Plus, working part-time can provide a number of benefits, such as staying active and social, having a sense of purpose, and earning extra money to spend on hobbies or travel. So, if you’re concerned about your finances in retirement, working part-time may be worth considering.
5. Make sure you’re prepared for health care costs.
One of the biggest expenses in retirement is health care. According to Fidelity, a 65-year-old couple retiring will need an estimated $285,000 to cover medical expenses in retirement.
This is a big number, but there are ways to prepare for it. First, if you’re still working, take advantage of your employer’s health insurance. This coverage is usually much cheaper than buying an individual policy.
Second, consider signing up for Medicare when you’re eligible. This government-sponsored health insurance program can help to cover some of your medical expenses in retirement.
Finally, you may want to purchase a long-term care insurance policy. This type of coverage can help to pay for things like in-home care or a nursing home stay.

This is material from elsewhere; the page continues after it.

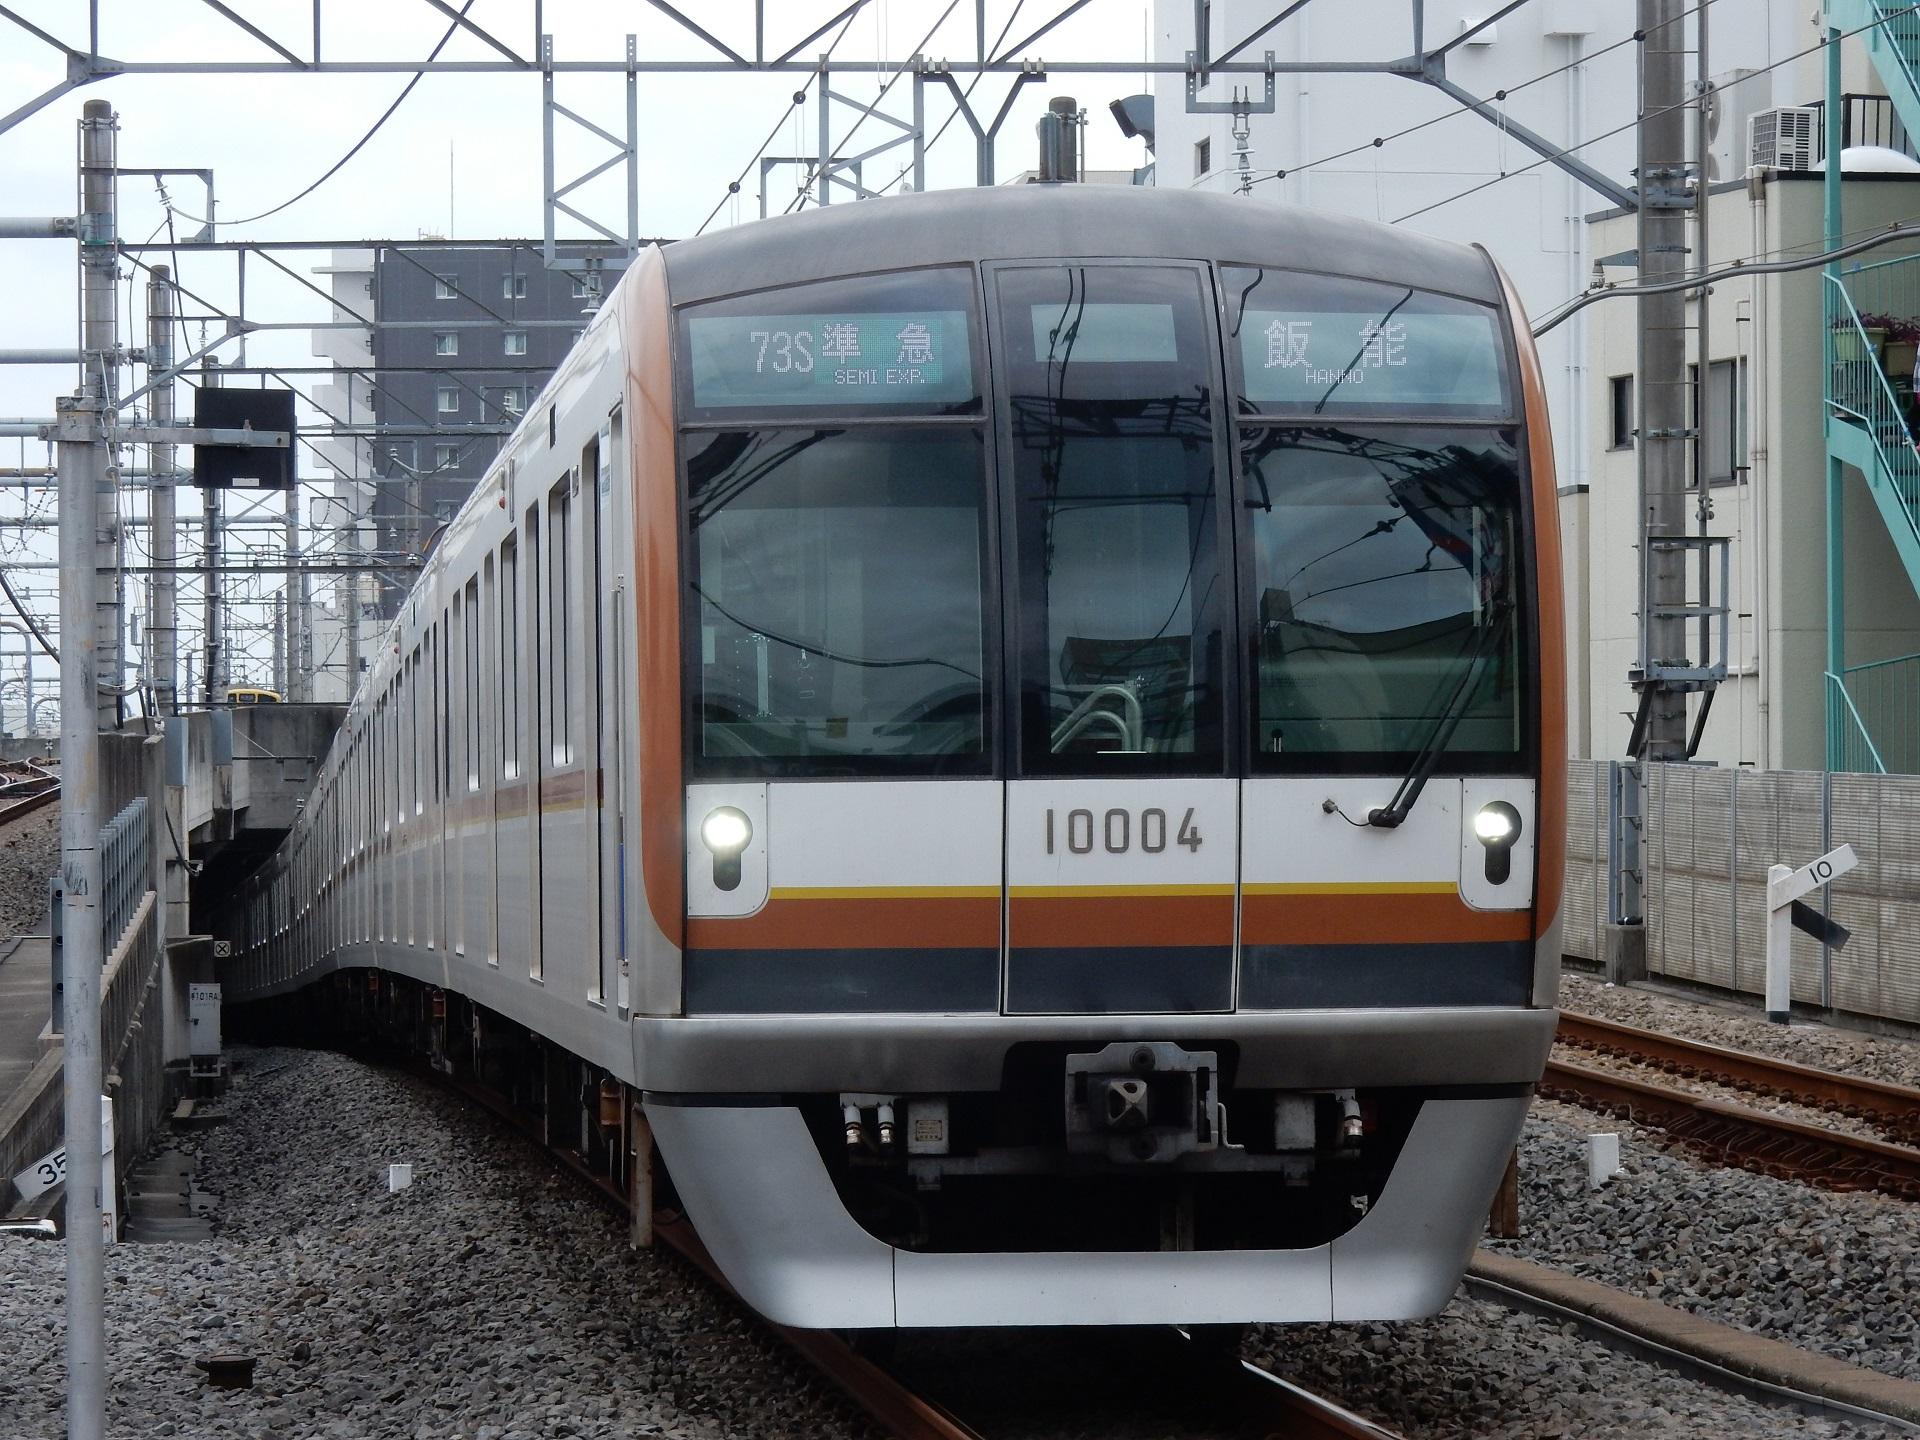 DSCN2677 - コピー

Keep in mind that health care costs can vary depending on your location. So, it’s important to research the cost of health care in the area where you plan to retire.
6. Review your Social Security benefits.
Social Security is a government-sponsored program that provides benefits to retirees and other eligible individuals. If you’re nearing retirement, it’s a good idea to review your Social Security benefits and estimate how much you can expect to receive.
You can create a Social Security account online to get an estimate of your benefits. This estimate is based on your earnings history and the age at which you plan to retire.
Keep in mind that you can start receiving benefits as early as age 62, but your benefits will be reduced if you claim them before your full retirement age. For example, if your full retirement age is 67, and you claim benefits at 62, your benefits will be reduced by 30%.
You can also choose to delay your benefits and receive a higher monthly payment. For each year you delay claiming benefits past your full retirement age, your benefits will increase by about 8%.
So, it’s important to think carefully about when you claim your Social Security benefits. You may want to speak with a financial advisor to get help making this decision.
Retirement can be a time of uncertainty, especially when it comes to finances. But by planning ahead and taking into account the various expenses you’ll face, you can make this transition a little bit easier. We’ve outlined six tips that will help you prepare for retirement, both financially and emotionally. Follow these tips, and you’ll be on your way to a comfortable and enjoyable retirement.